Если бы философия даже достигла когда-нибудь высшего совершенства, то все же для познания сущности мира всегда необходимы будут все другие искусства, как комментарии к самой философии. И наоборот: философия в свою очередь служит комментарием к прочим искусствам, но только со стороны разума, то есть как абстрактное выражение содержания всех искусств, а следовательно, и сущности мира.
Поскольку философия не есть познание по закону основания, а познание идей, она должна быть отнесена к искусству; так как философия излагает идею не как идею, то есть не интуитивно, а абстрактно, то с этой стороны она – наука, знание. Но, строго говоря, философия есть среднее между наукой и искусством или нечто соединяющее их.
Если бы философия была познанием по закону основания, то есть познанием необходимости следствия из основания, тогда, будучи раз найдена, она была бы доступна каждому без различия способностей, и всякий, кто только не пожалел бы труда и времени, мог бы заниматься ею.

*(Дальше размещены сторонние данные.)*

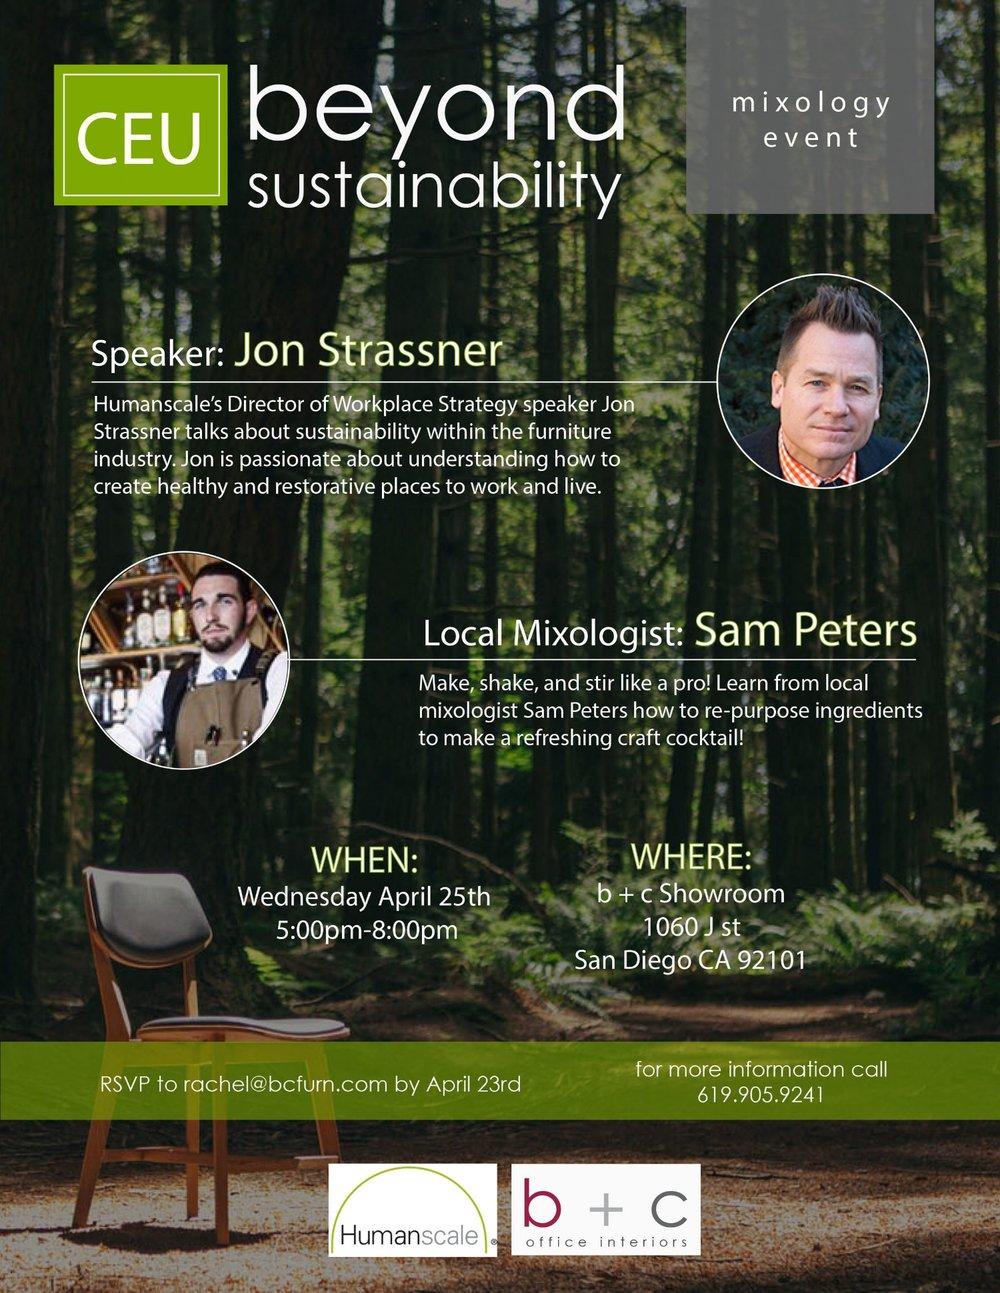 beyondsustainabilityflyerexample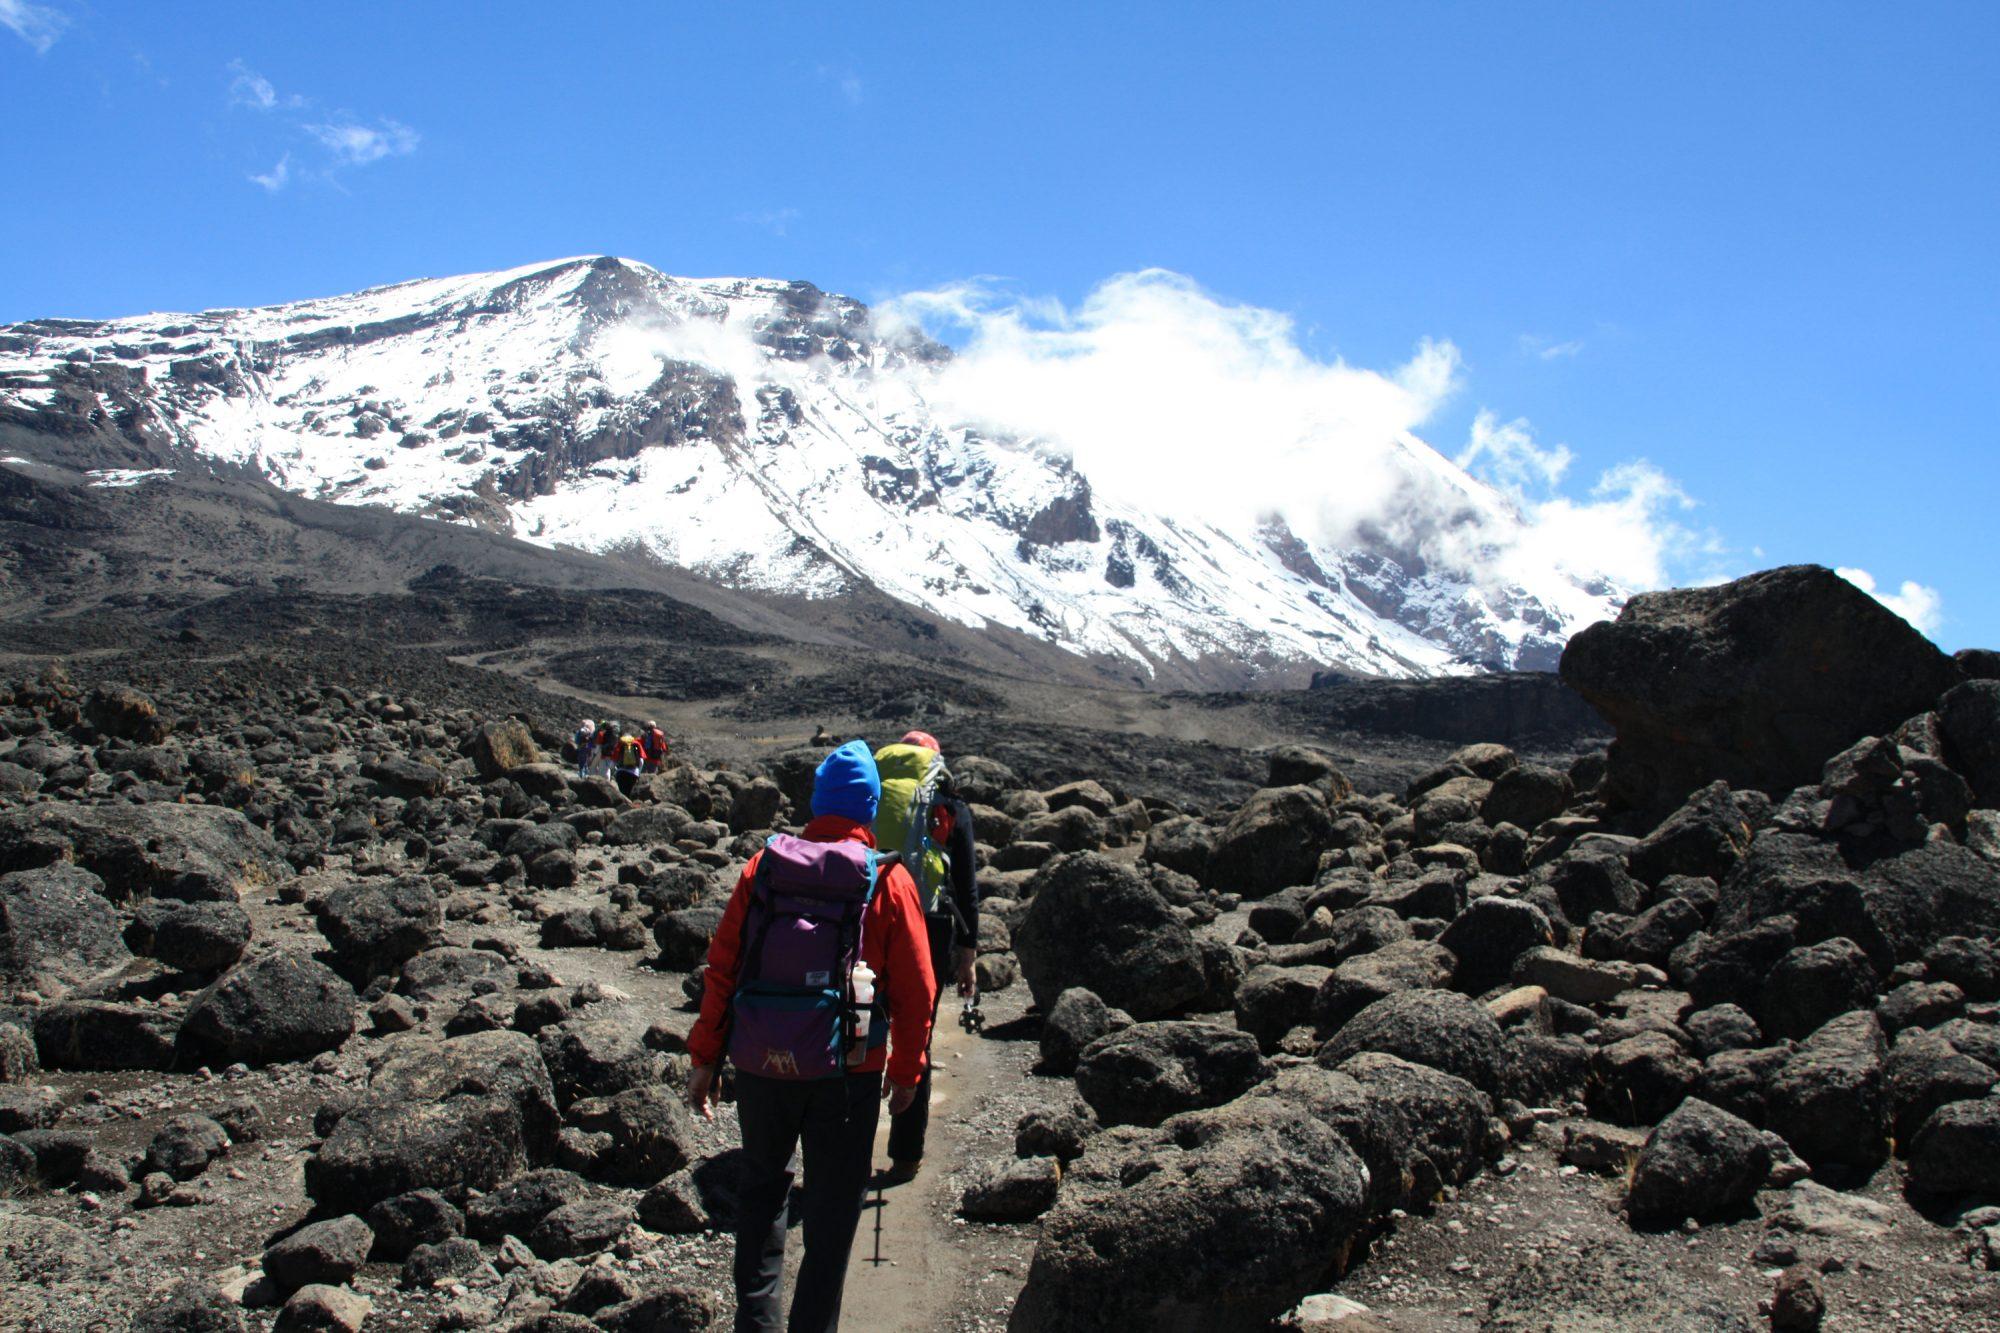 Lavawüste, Kilimandscharo, Kilimandscharo besteigen, Tansania, Afrika, Kilimandscharo Tour, Erfahrungsbericht, Machame Route

«Многим философы тягостны, как ночные гуляки, нарушающие сон мирных жителей»
Но кто же серьезно поверит, что это познание, в сравнении с которым все другие имеют ничтожное значение, доступно всякому безразлично, когда «Мадонна» Рафаэля, «Дон Жуан» Моцарта, «Гамлет» Шекспира и «Фауст» Гёте доступны лишь немногим, а для большинства и вовсе не существуют, потому что оно ценит эти произведения только с чужого голоса?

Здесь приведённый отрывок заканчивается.